- Directed by: Jo Ingabire Moys;
- Written by: Jo Ingabire Moys;
- Screenplay by: Jo Ingabire Moys
- Produced by: Jo Ingabire Moys;
- Starring: Ery Nzaramba; Roger Ineza; Aboudou Issam; Eliane Umuhire;
- Production companies: White Boat Pictures; Full Dawa Production; Kibibi Productions;
- Release date: March 4, 2022 (France);
- Running time: 25 minutes
- Country: France
- Language: Kinyarwanda

= Bazigaga =

Historical genocide film by Jo Ingabire Moys

Bazigaga is a 2022 short French historical genocide film written and directed by Jo Ingabire Moys. Co-produced by Verbinski with Graham King and John B. Carls, the film stars Eliane Umuhire.

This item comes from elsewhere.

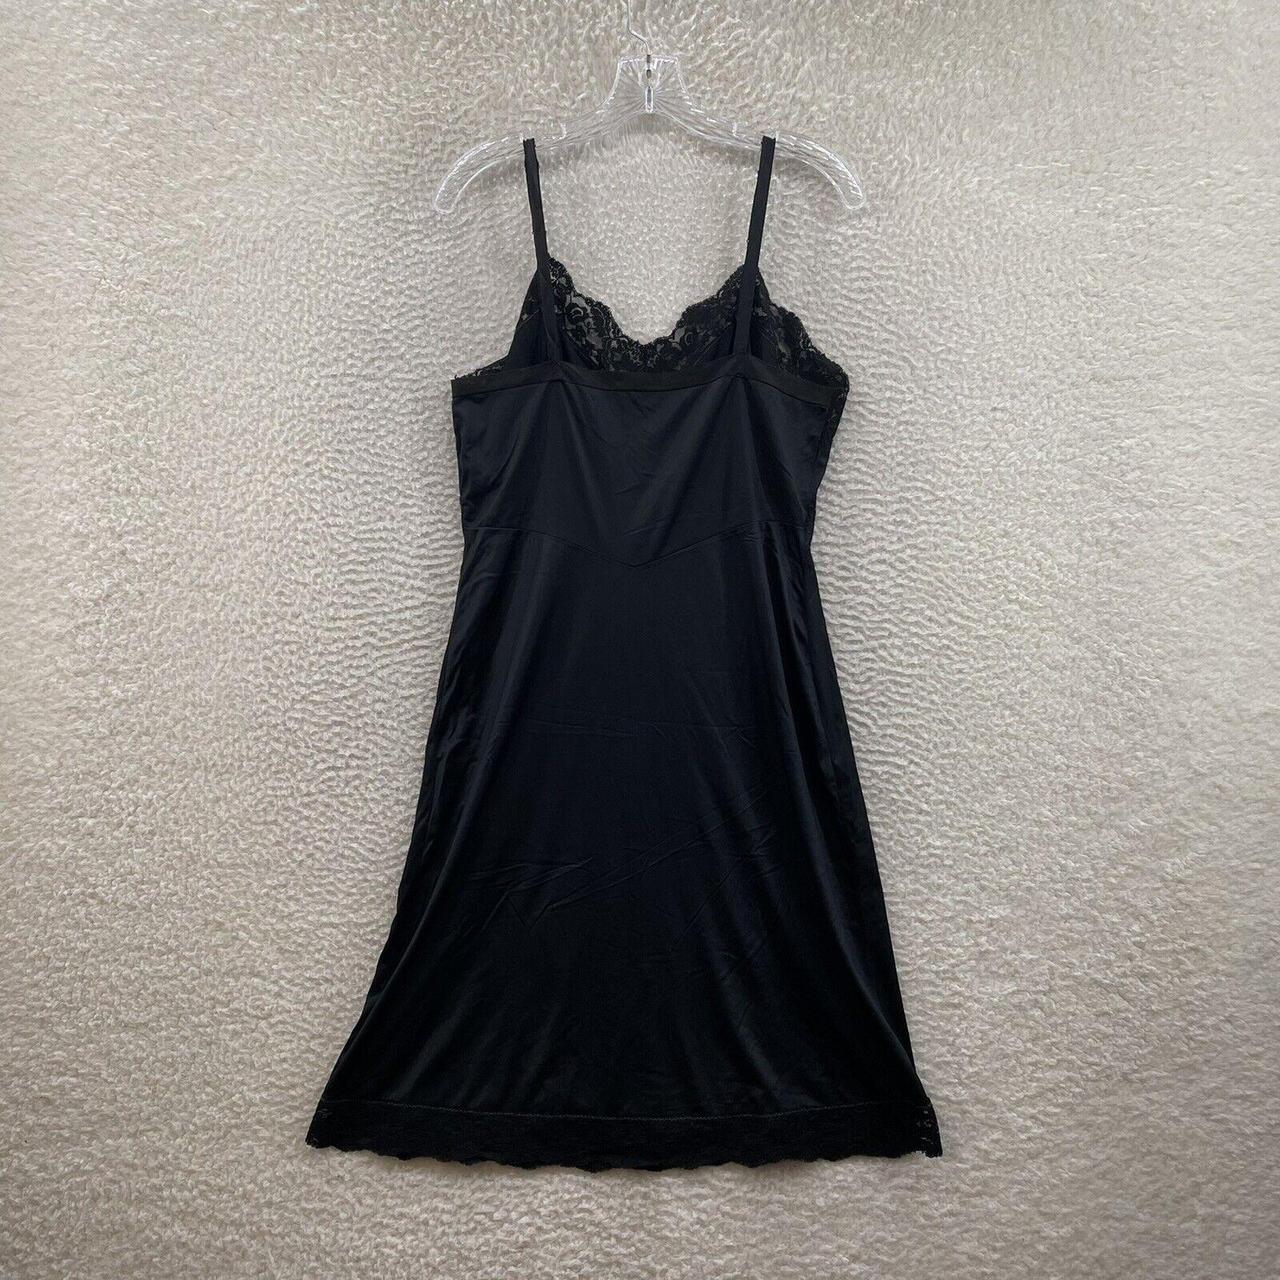 Product Image 2 - Vintage Adonna Black Nylon Lace
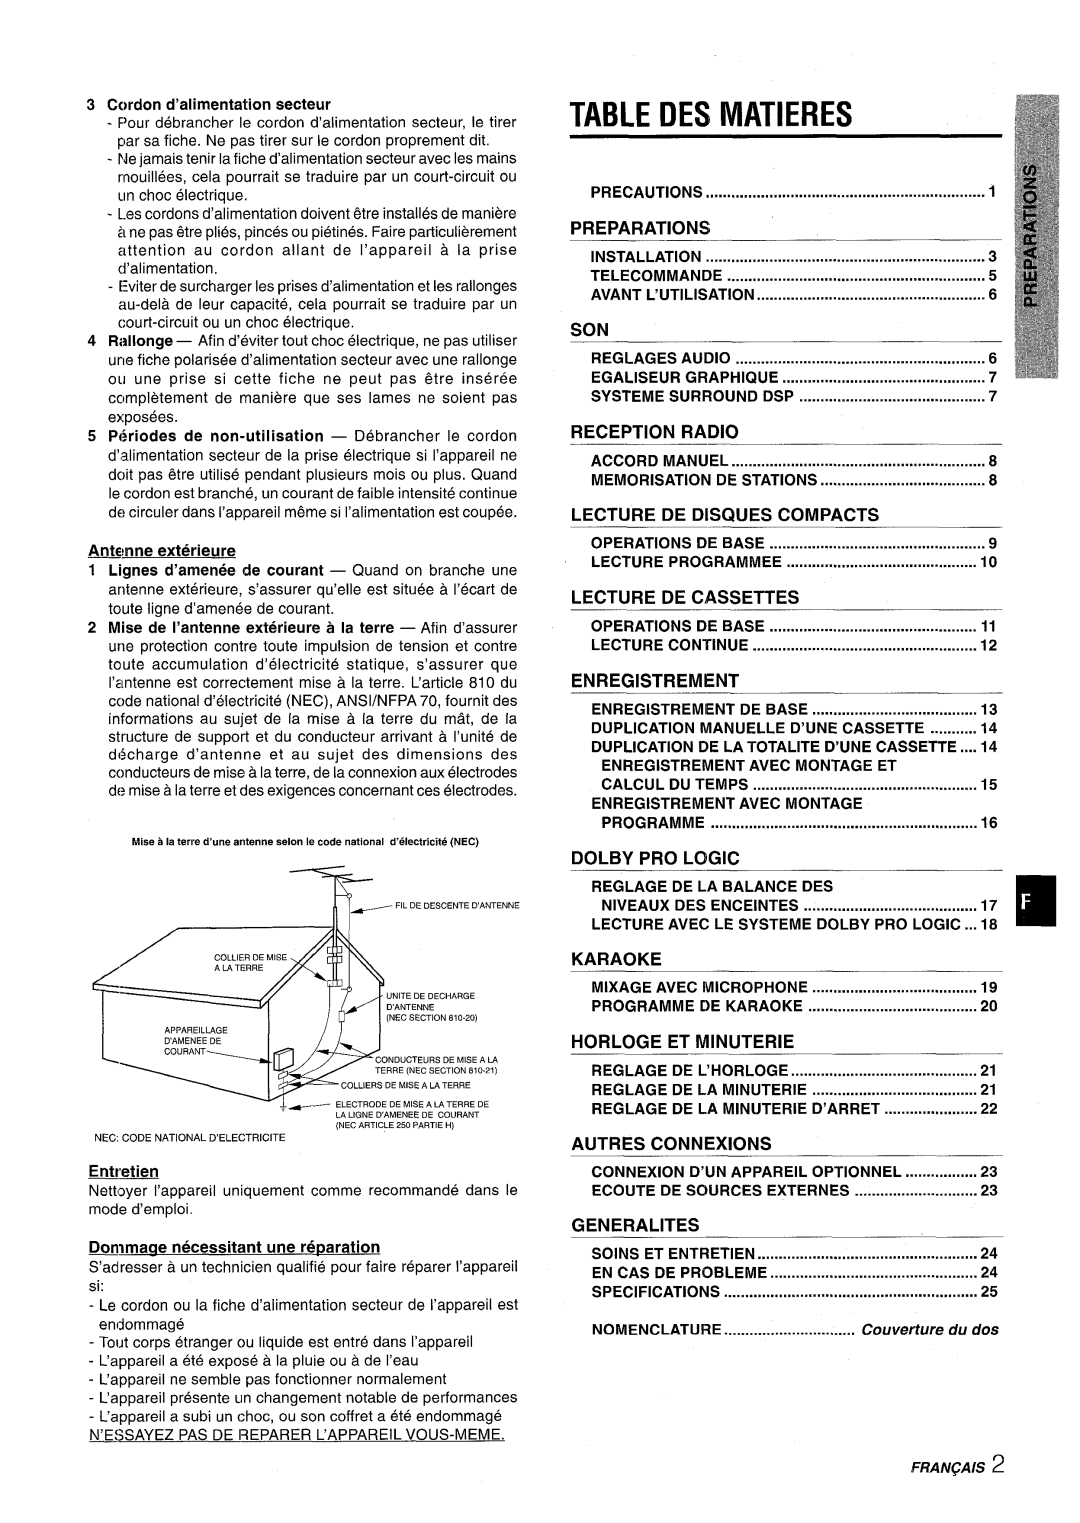 Aiwa CX-NMT50 manual Des Matieres, Preparations, Installation, Telecommande, Avant L’Utilisation, Reception, Radio, Lecture

The film was a BAFTA Award for Best Short Film nominee in the 76th British Academy Film Awards.

== Summary ==
The film is based on true events, that tells the story of a young pastor "Karembe" (Ery Nzaramba) who must seek shelter with his daughter from the Hutu militia who would kill them both. To survive, they take refuge in the home of the eponymous and still feared local shaman (a powerfully engaging performance from Eliane Umuhire).